# Toe-up sock pattern recommendations



## PKBoo (Apr 10, 2008)

I finished the first skein of sock yarn! :bouncy: There's only 230 yards though, so I think I need to try a toe-up pattern so I can knit till I run out of yarn (thanks GAM - brilliant idea!)

I've always done top down socks. I looked on Rav for some patterns, and one recommendation is the 'Sock It To Me Plain' socks. 
Ravelry: Sock It To Me Plain Toe-Up Socks for the Family pattern by Debbi Young

What do you think? Anybody else have an easy beginner pattern? I will be in the car for a few hours tomorrow, so want to have these to work on.


----------



## gone-a-milkin (Mar 4, 2007)

PKBoo, 

Dont you still have another ball of that same roving?
230 yards will be plenty of yarn for most any single sock. 
Most commercial skeins of 100 grams (3.5 oz) sock yarn have between 410 and 460 yards of yarn.

All this is just to say that I think you nailed the fingering weight thing. :dance:

On the toes-up: are you going to do them on DPNs, or circs? 
The first thing I recommend is learning the 'magic cast-on'.

[YOUTUBE]lhBIS0AhhQY[/YOUTUBE]


----------



## PKBoo (Apr 10, 2008)

gone-a-milkin said:


> All this is just to say that I think you nailed the fingering weight thing. :dance:


WOOHOOO!! So happy to hear that! I wasn't sure how much yardage I should have - phew!



gone-a-milkin said:


> On the toes-up: are you going to do them on DPNs, or circs?
> The first thing I recommend is learning the 'magic cast-on'.


I was going to use DPNs, just cuz that's what I've got, and I don't know if I have small enough circs. 

I watched the video (haven't tried it yet, but looks easy enough). BUT - the 'Sock It To Me' instructions say to 'cable cast on' which I found here:
knitty.com

So instead of using the cable cast on, and distributing the stitches to two different needles like it says, I use the magic CO, and the stitches will already be on two needles... I think I've got it!

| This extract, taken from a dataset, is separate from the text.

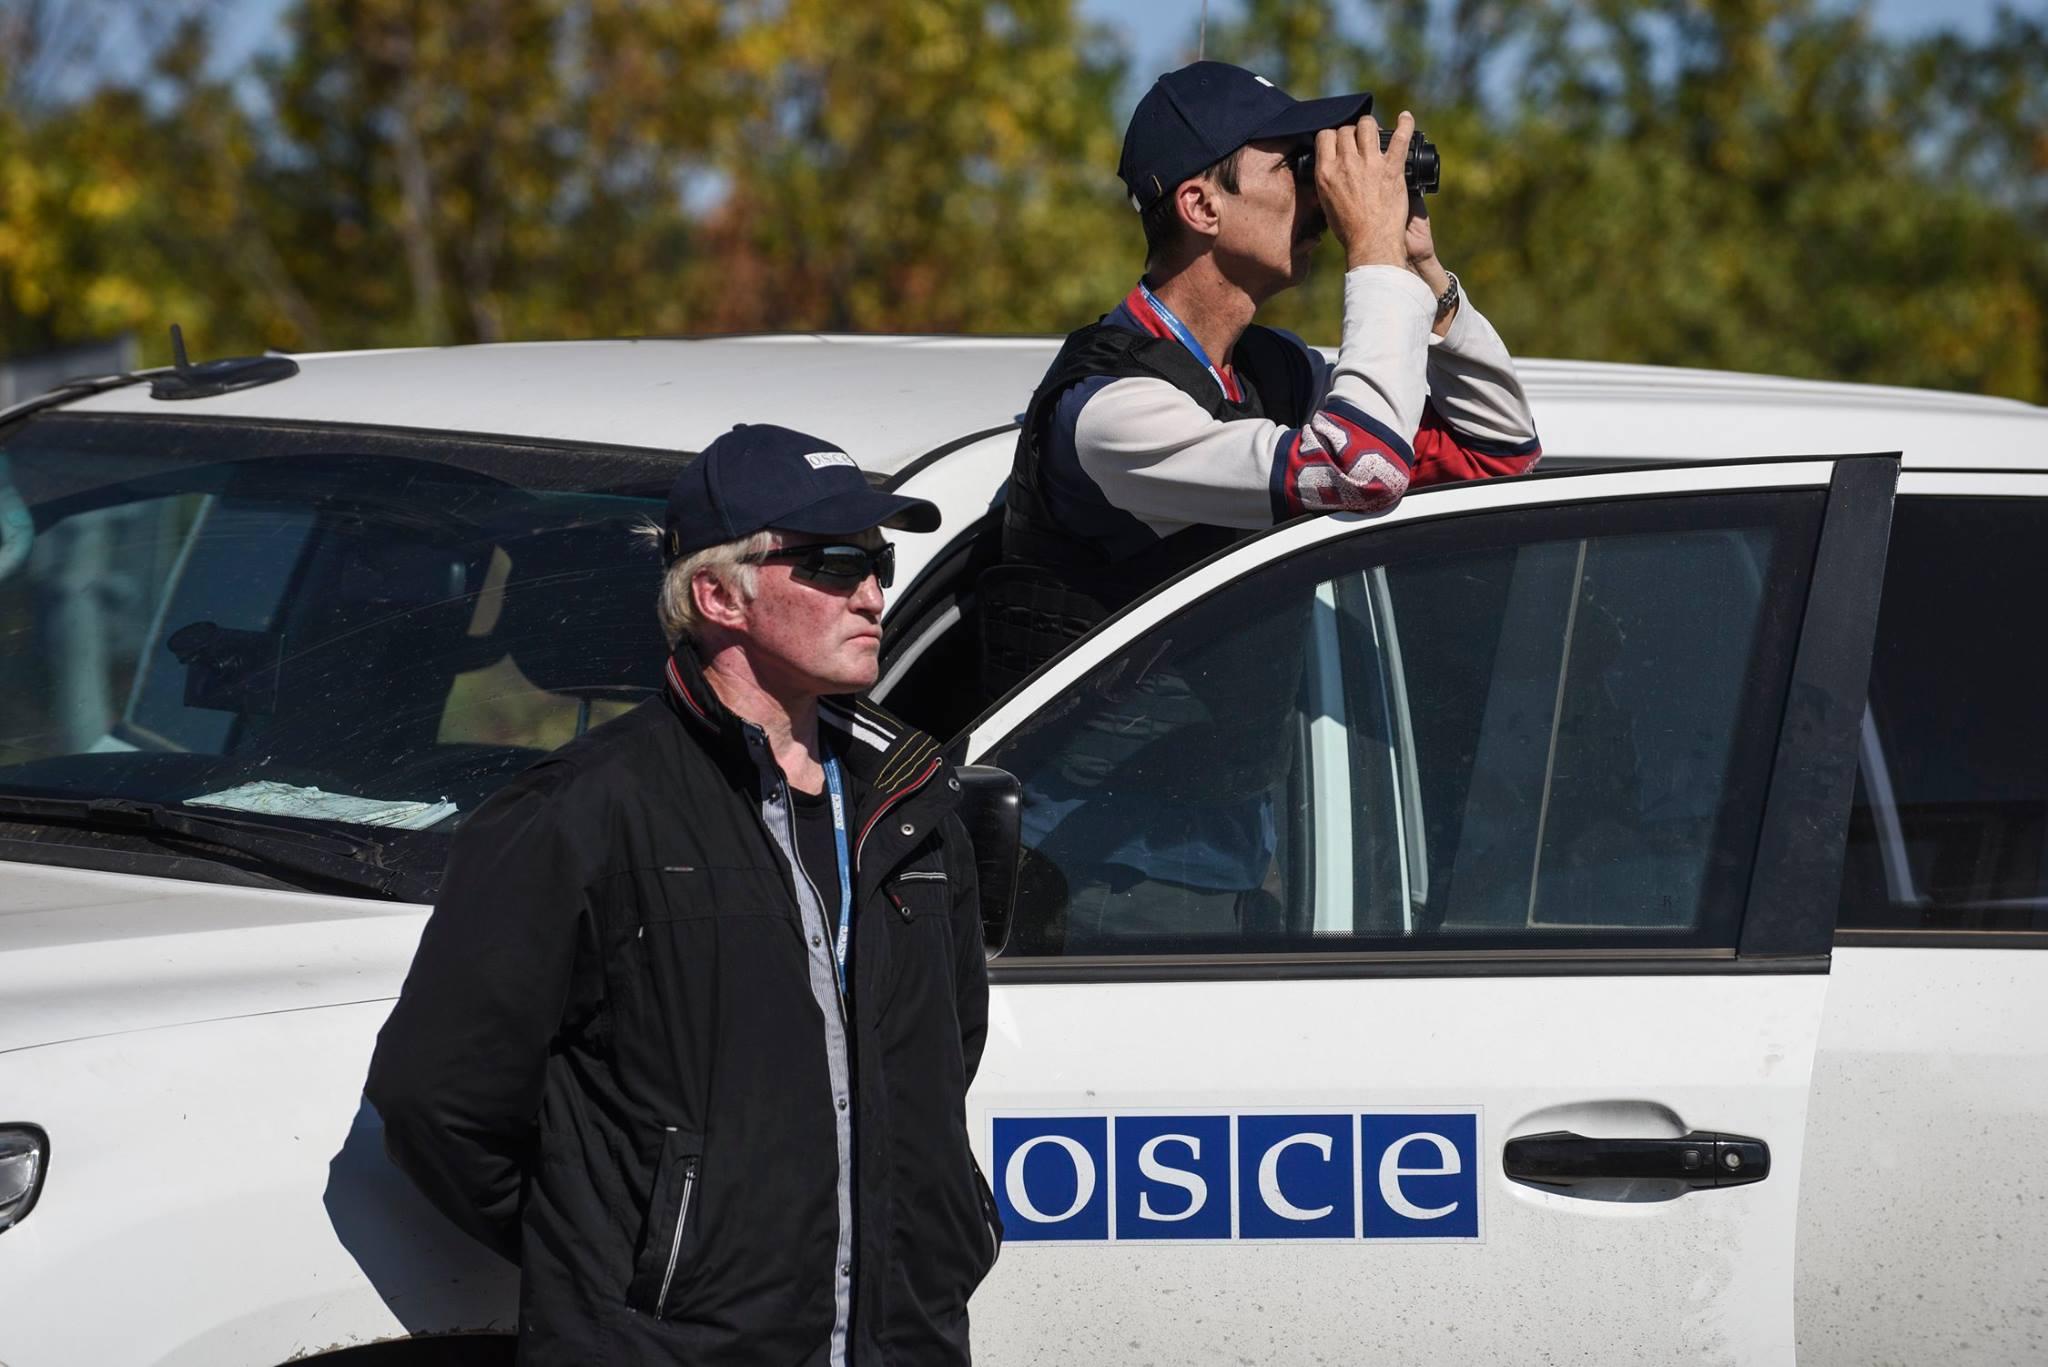 ОБСЕ официально подтвердила минометный обстрел автомобиля миссии

Dry, yarn, dry! It's hanging on the line now - shouldn't take long in this heat! :bored:

Thanks GAM!


----------



## Maura (Jun 6, 2004)

This is what I do:

Cast on (knit on) 12 stitches. Make 5 rows stockinette stitch. (do not knit slip knot, drop it off). On that last row, k 9, then add a 3rd needle, k 3, pick up 3 side stitches. Pick up 9 stitches from the cast on. Pick up 3 side stitches. You now have a patch with 29 stitches. 1) Knit around, making an increase in the middle of the cast on side. Knit to beginning less 2 st. Mark
2) *increase 1, K5* 6x. 36 stitches
3) Next round, knit. 
4) *increase 1, k6* 6x. 42 stitches
Every other round, make 6 increases until you have enough stitches for the circumference of your sock. Knit in rounds to the leg, make the heel, then knit the cuff.

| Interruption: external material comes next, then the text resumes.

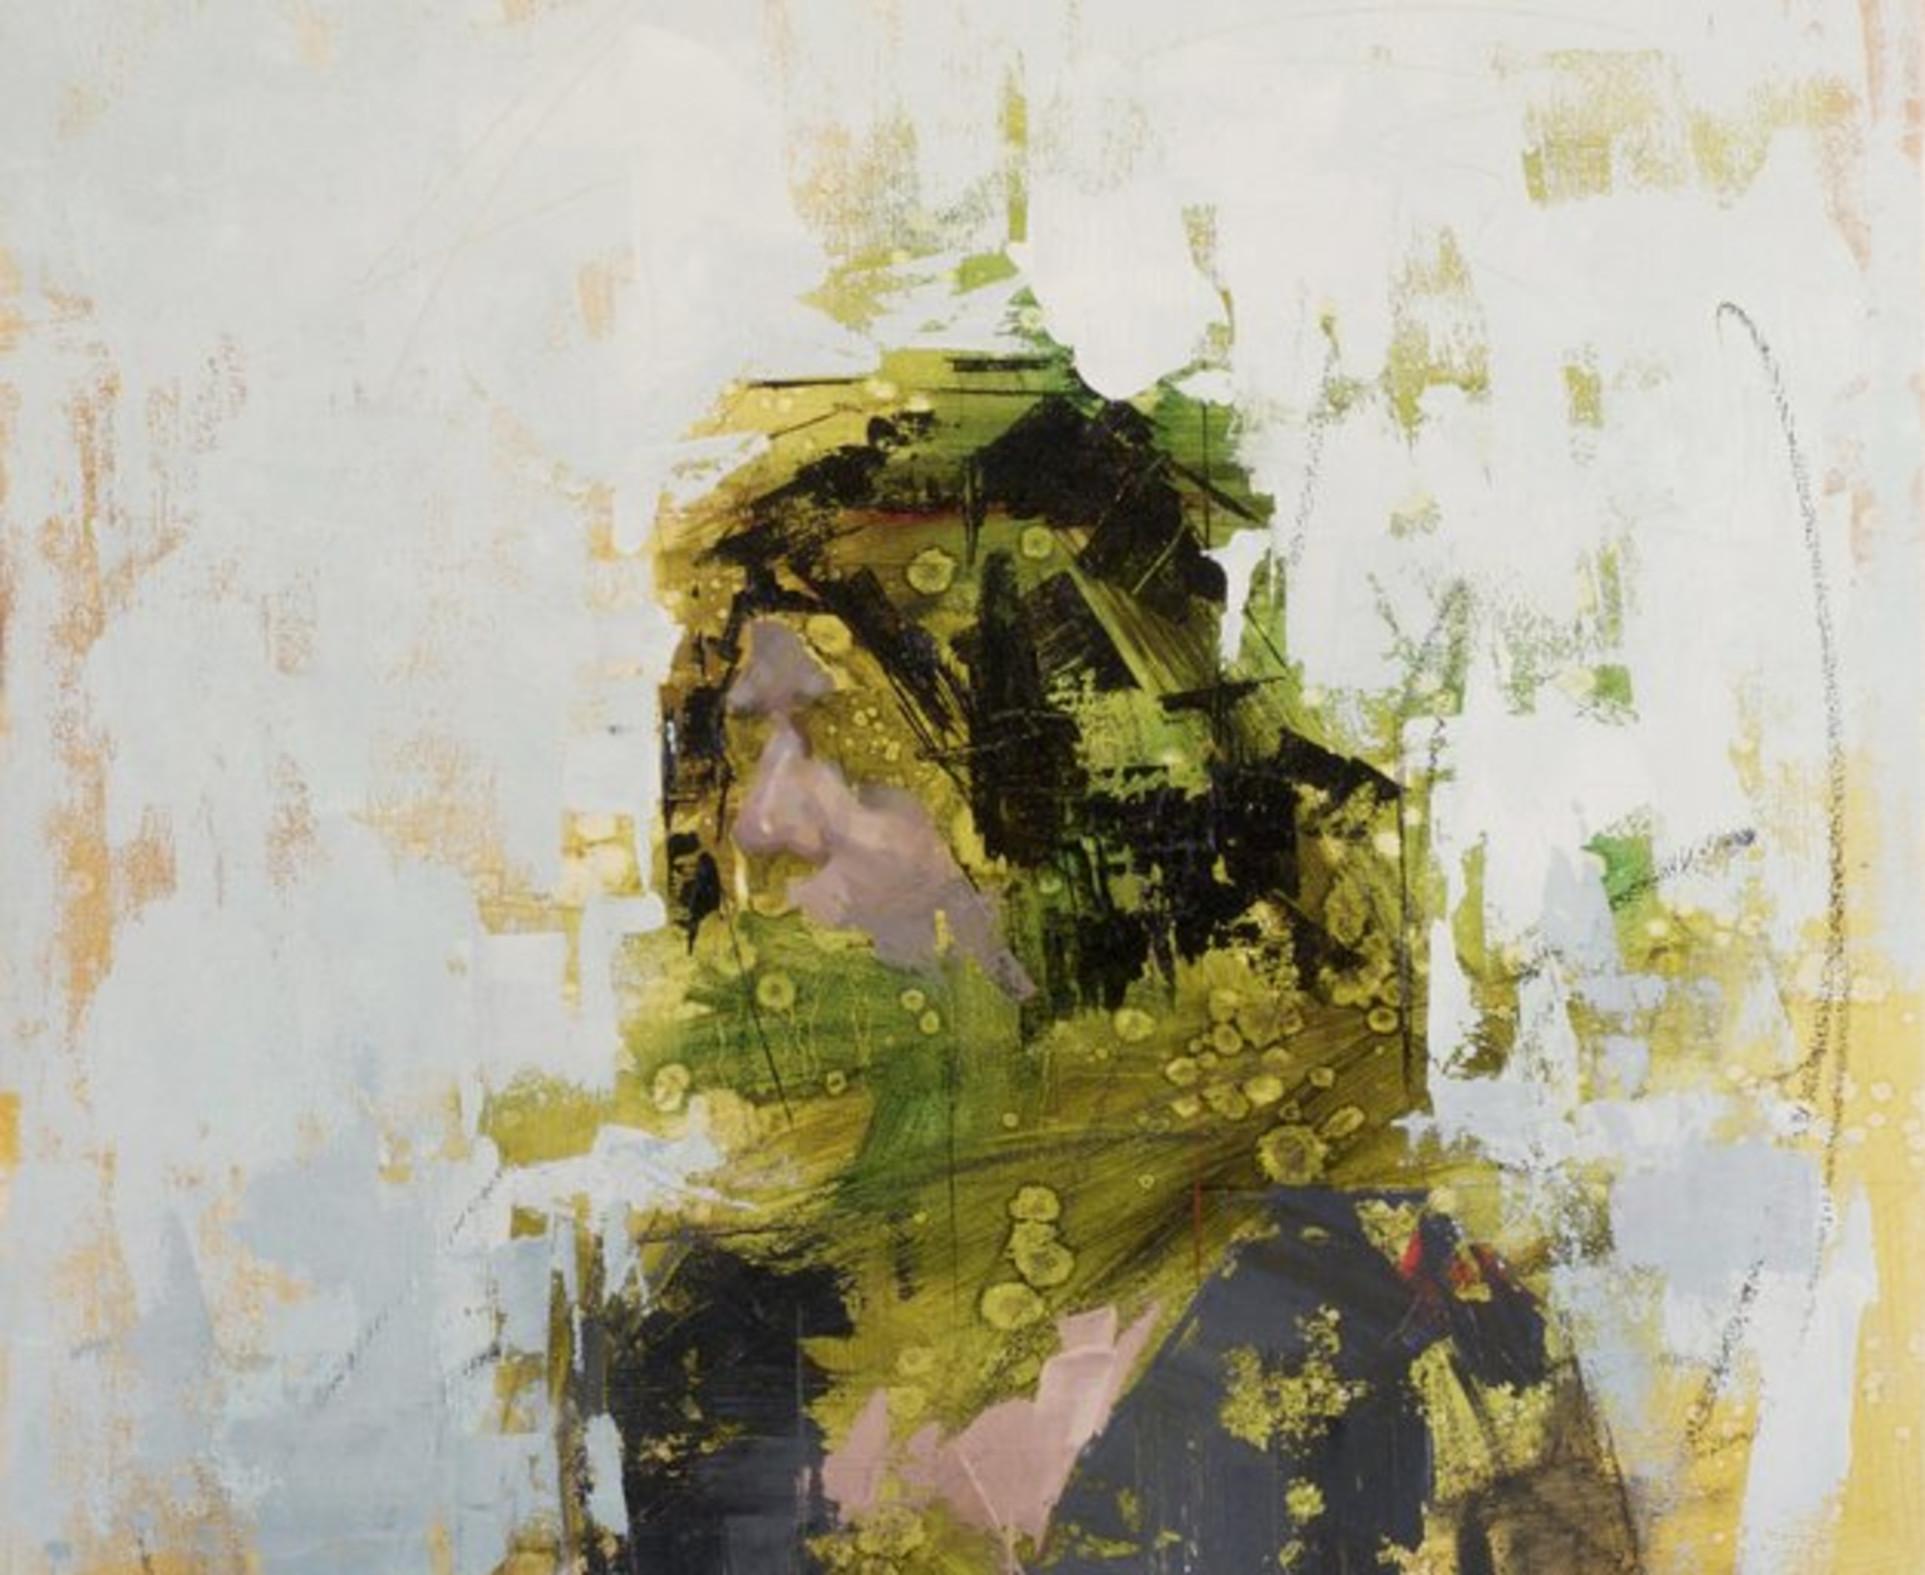 John Wentz, Imprint No. 5, 2015

You can use any cast on that will give you the ability to pick up stitches. You can also use a provisional cast on if you know how, and pick up live stitches. You can make the toe patch square by knitting more rows and picking up more stitches on the side. Make it with more or less stitches. A large foot might need 16 or 18 st cast on, a child's an 8 st cast on. Make any heel you like, the flap heel works as well from the toe up as it does top down, just put your padded heel in the second part instead of the first.


----------



## gone-a-milkin (Mar 4, 2007)

Then you get to decide what method of heel to use. :teehee:

There are so many to choose from!


----------



## PKBoo (Apr 10, 2008)

Pick a heel???? Yikes - I'm just going to follow this pattern for now...

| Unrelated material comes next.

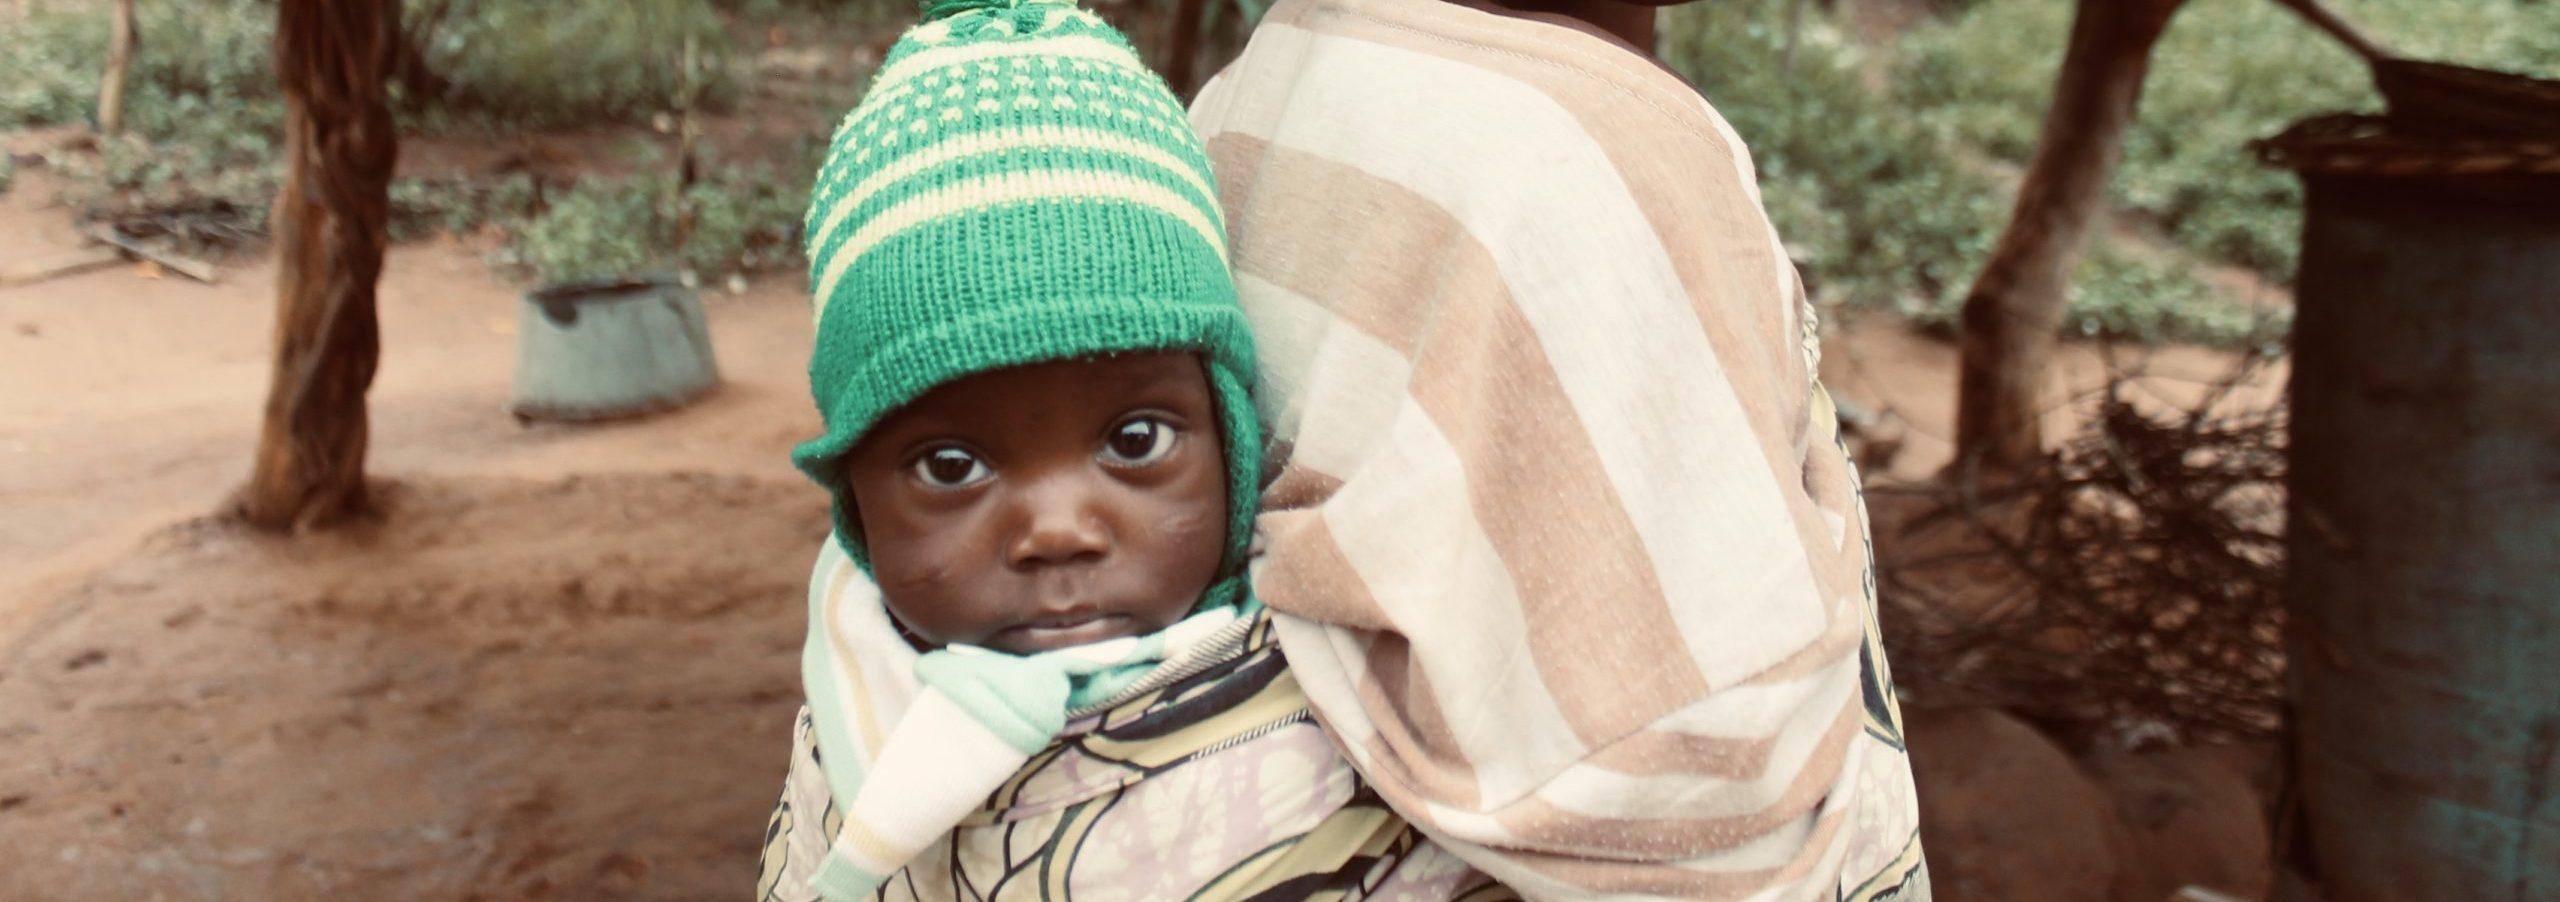 Parrainer un enfant : un geste de solidarité et de partage

I'm using needle size 1, and the toe seems so SMALL! I've got 10 rows done, and only 12 more increases to go. It just doesn't seem large enough  Only my first two toes fit into it right now...

yarma by BooPK, on Flickr

I guess I can just keep increasing until it fits my foot? Or do I need to start over with a larger size needle?

(And NO, I didn't knit a gauge swatch :grit: )


----------



## gone-a-milkin (Mar 4, 2007)

You could always just switch over to a bigger needle too. 
As long as you remember to do the same stuff on the 2nd one. :teehee:

Or keep increasing til you can get your whole foot in there. Either way. 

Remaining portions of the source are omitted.